Habitat geometry rather than visual acuity limits the visibility of a ground-nesting bird's clutch to terrestrial predators
Data files
Aug 21, 2023 version files 307.64 MB
Abstract
The nests of ground-nesting birds rely heavily on camouflage for their survival, and predation risk, often linked to ecological changes from human activity, is a major source of mortality. Numerous ground-nesting bird populations are in decline, so understanding the effects of camouflage on their nesting behaviour is of relevance to their conservation concern. Habitat three-dimensional (3D) geometry together with predator visual abilities, viewing distance, and viewing angle determine whether a nest is either visible, occluded or too far away to detect. While this link is intuitive, few studies have investigated how fine-scale geometry is likely to help defend nests from different predator guilds. We quantified nest visibility based on 3D occlusion, camouflage, and predator visual modelling in northern lapwing, Vanellus vanellus, on different land management regimes. Lapwings selected local backgrounds that had a higher 3D complexity at a spatial scale greater than their entire clutches compared to local control sites. Importantly, our findings show that habitat geometry – rather than predator visual acuity – restricts nest visibility to terrestrial predators, and that their field habitats perceived by humans as open are functionally closed with respect to a terrestrial predator searching for nests on the ground. Taken together with lapwings’ careful nest site selection, our findings highlight the importance of considering habitat geometry for understanding the evolutionary ecology and management of conservation sites for ground-nesting birds.
Methods
Data Collection Sites
All images and 3D scans were collected from two separate locations monitored by the Game and Wildlife Conservation Trust (GWCT); the Avon Valley in Hampshire [50.93105,-1.78462] and Burpham in Sussex [50.87198, -0.51812].
Predation Data
Nest predation status was determined using nest temperature loggers (iButtons) and weekly nest checks from the date of discovery to the point of failure or hatching following the methods of Hartman and Oring (Hartman & Oring, 2006). Predated eggshell fragments or disappearance of clutches/eggs prior to egg weight estimated hatch dates were encoded as predation events.
Nest and Null Photography and Scanning
From March to Mid-June of 2021 and 2022, we photographed 115 lapwing nests and 3D scanned 83. The nests were scanned with an ASUS Zenfone AR using the Matterport Scenes app from a height of 1.2m. Scans and photographs were taken from a height of 1.2 metres at a flat 90o (vertical) angle from the ground. For each nest, an additional nest-less photo and scan were taken at a distance of 1-2 metres (4 paces) from the nest, by backtracking in the direction of the approach to avoid further trampling the surrounding area. These additional photos and scans were used as a paired null for each nest.

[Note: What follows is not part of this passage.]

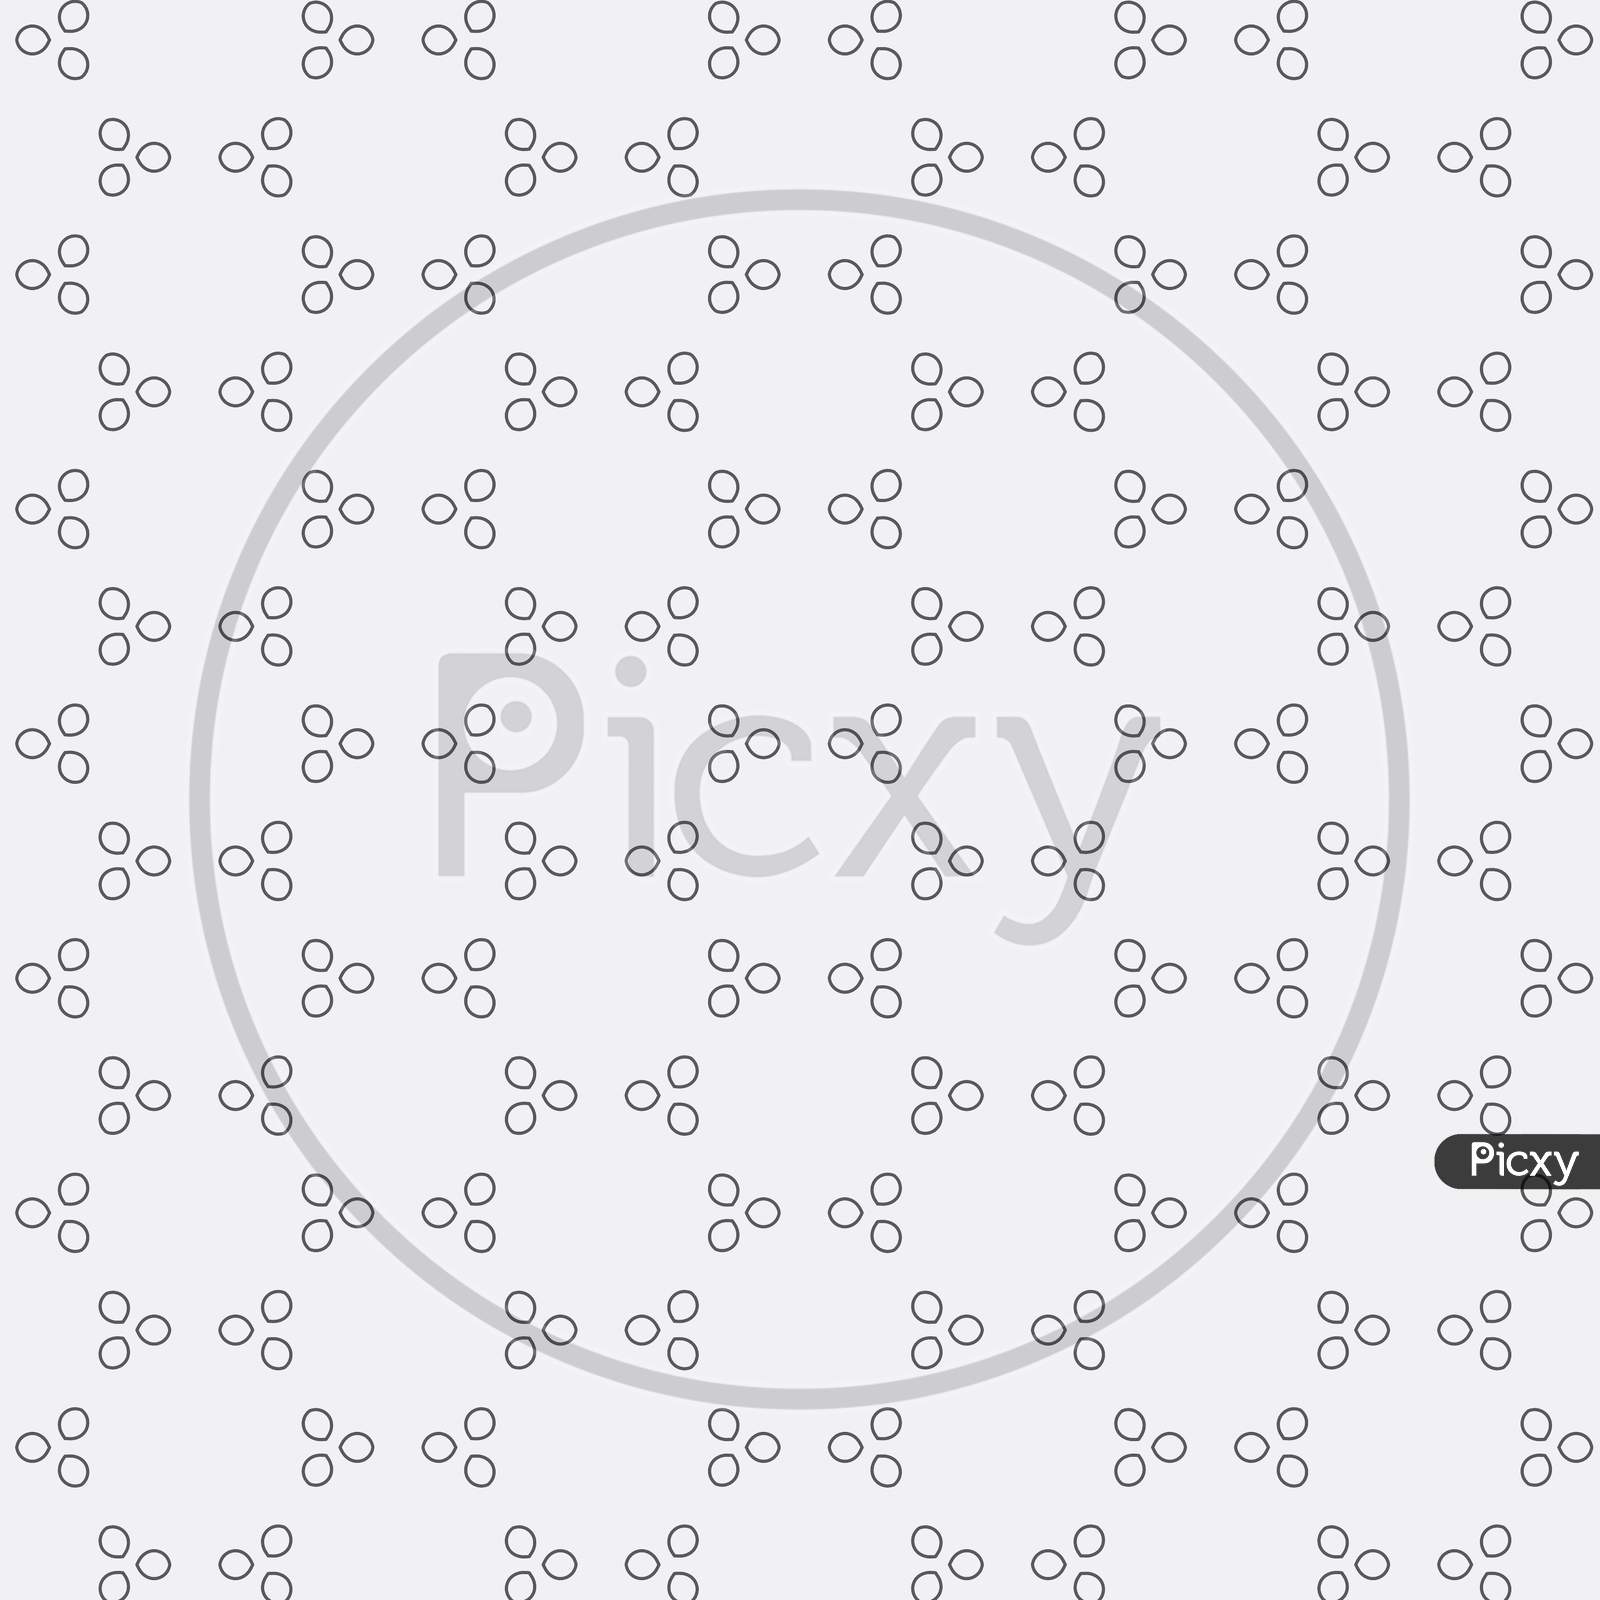 Beautiful Monochromatic Symmetrical Designs On Solid Sheet Of Wallpaper. Concept Of Home Decor And Interior Designing

Photographs of the nests and nulls were taken using a chart colour-calibrated Sony A6000 with a Baader venus-u 52mm UV filter and the camera’s own visible light filter. A 7% and 93% uniform (λ 200–700nm) reflectance standard was placed in situ for each photograph. As the lighting environment was highly variable due to changes in solar angle and weather, all photos were taken with a 1m2 pop-out NEEWER diffuser sheet at times greater than 2 hours from dawn and dusk to prevent patterns from shadows changing the luminance and colour measurements of the clutches and their backgrounds. Photographs were converted to standardised multispectral images using the ‘generate multispectral image’ function within the MICA toolbox v2.2.2 for ImageJ.
Dataset Generation
3D measures and colour measures for the scans and MSPEC images were generated using custom scripts for ImageJ available on our GitHub: The data frames for Z (depth) energy variation, 3D transects, colour metrics and occlusion metrics were combined with habitat and nest ID data using excel with additional filtering of damaged photographs and one non-subject species (redshank) within our R code.
Usage notes
Running the statistical analyses requires the R code and data frames for 3D and colour measures, stored in the same folder layout as provided for the zip. Simply set the working directory for the R script to the same folder.
Example 3D scans and .mspecs are also provided, requiring ImageJ and version 2.2.0 to open. All scripts for our 3D analyses are provided on our GitHub: https://github.com/GeorgeHancock471/3D_RNL_Tools.
To open our .mspecs requires the installation of a custom version of "_Load_Multispectral_Image.txt", which allows for RAW UV and human visible spectrum images with different rotations to be combined. Copy and paste the .txt file provided alongside our .mspecs into the plugins/micaToolbox/ folder of ImageJ.